A micro-meteoroid debris strike on a cupola window aboard the ISS. Credit: NASA

How about addressing satellite reentry and atmospheric contamination? At first, the idea of a wooden satellite that would simply disintegrate on reentry seems like a good idea… after all, satellites incorporate lots of exotic compounds and rare earth metals, right? Well unfortunately, making the frame out of wood (a poor electronic conductor and essentially a carbon compound) won’t really change things, as the electronics inside will still need to be made of conductive compounds. Plus, lots of the problematic compounds that head back to Earth are toxic (think hydrazine fuel aboard the failed Phobos-Grunt mission in 2011-2012), and very occasionally radioactive and nuclear power plants. Radioactive reentries are a rarity these days but have occurred in the past, such as the Lunar Module-turned-lifeboat Aquarius on Apollo 13, and the reentry of Kosmos 954 over the Canadian Arctic in 1978.

Hundreds of reentries occur on the average year, but even if they were all made of wood, that’s still a trickle compared to the 15,000 tons of natural cosmogenous material striking the Earth every year.

Is there any practical use for ‘WoodSat?’ Here’s one possible plus for a wooden satellite: wood is largely transparent to radio waves, meaning you could keep most of your communications and research antennas internal: no more unfurling bulky instruments after achieving orbit. In fact, ‘failure to deploy’ once orbit is achieved has doomed many a satellite… and this wouldn’t be a problem with WoodSat.

Most wood also contains a variable amount of moisture which would quickly evaporate out into the vacuum of space, leaving porous gaps behind. The wood chosen would also need to exhibit a low thermal expansion, as it would be exposed to high temperature fluctuations. Thus far, the exact composition of the wood that Sumitomo Forestry would use for such a satellite is stated by the company as proprietary, though Takao Doi does cite a study conducted on the exposed portion of the Kib? Laboratory aboard the International Space Station looking at the elasticity of various types of wood when exposed to space.

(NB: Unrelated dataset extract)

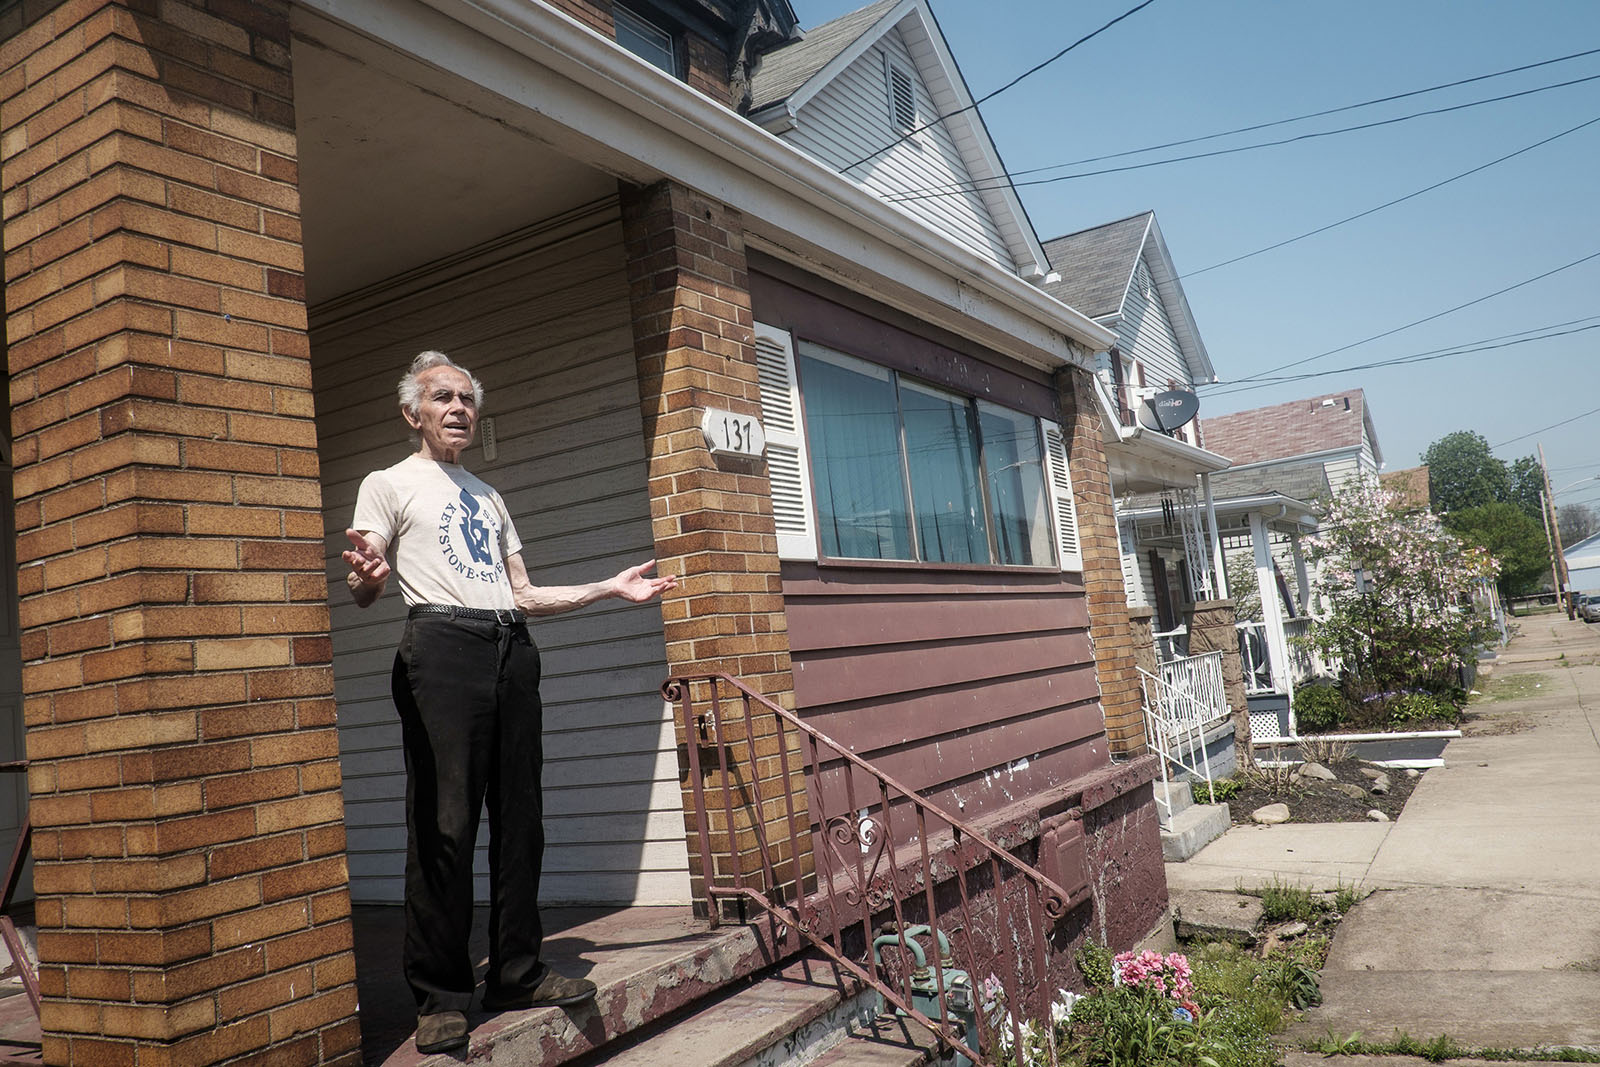 An elderly man stands outside his home, arms outstretched as he talks to the camera.

One half of a Ranger balsa wood impactor limiter. Credit: NASA

Has there ever been a satellite incorporating mostly wood before? Yes: the early NASA Ranger missions to the Moon in the 1960s actually incorporated a balsa wood ‘impactor limiter’ sphere, meant to survive a crash on the lunar surface. Unfortunately, most of those early Rangers either failed shortly after launch, or missed the Moon entirely… one wooden impactor aboard Ranger 4 may have come to rest intact near Ioffe Crater on the lunar farside, but if it did, it never phoned home.

Still on the lunar surface? The Ranger 4 spacecraft on Earth shortly before encapsulation, with the balsa wood impactor limiter visible (the ball just below the nose cone). Credit: NASA

One other interesting idea is to construct a reentry heat-shield out of wood. China actually incorporated this feature using wooden impregnated-white oak heat-shields on its Fanhui Shei Weixing reconnaissance satellites, in a design that reportedly worked quite well.

When might ‘WoodSat take to space? Well, for now, Takao Doi and team are looking at fielding an initial design in the coming years, with a launch perhaps by 2023. The design we see in the one mockup released by Sumitomo Forestry looks like it’s based on a standard 6U cubesat.

For now, ‘Woodsat’ remains an interesting possibility, though a more viable solution to the space junk issue is to incorporate disposal features such as drag-sails as standard equipment, enabling satellites to reenter shortly after their useful lives in orbit are concluded.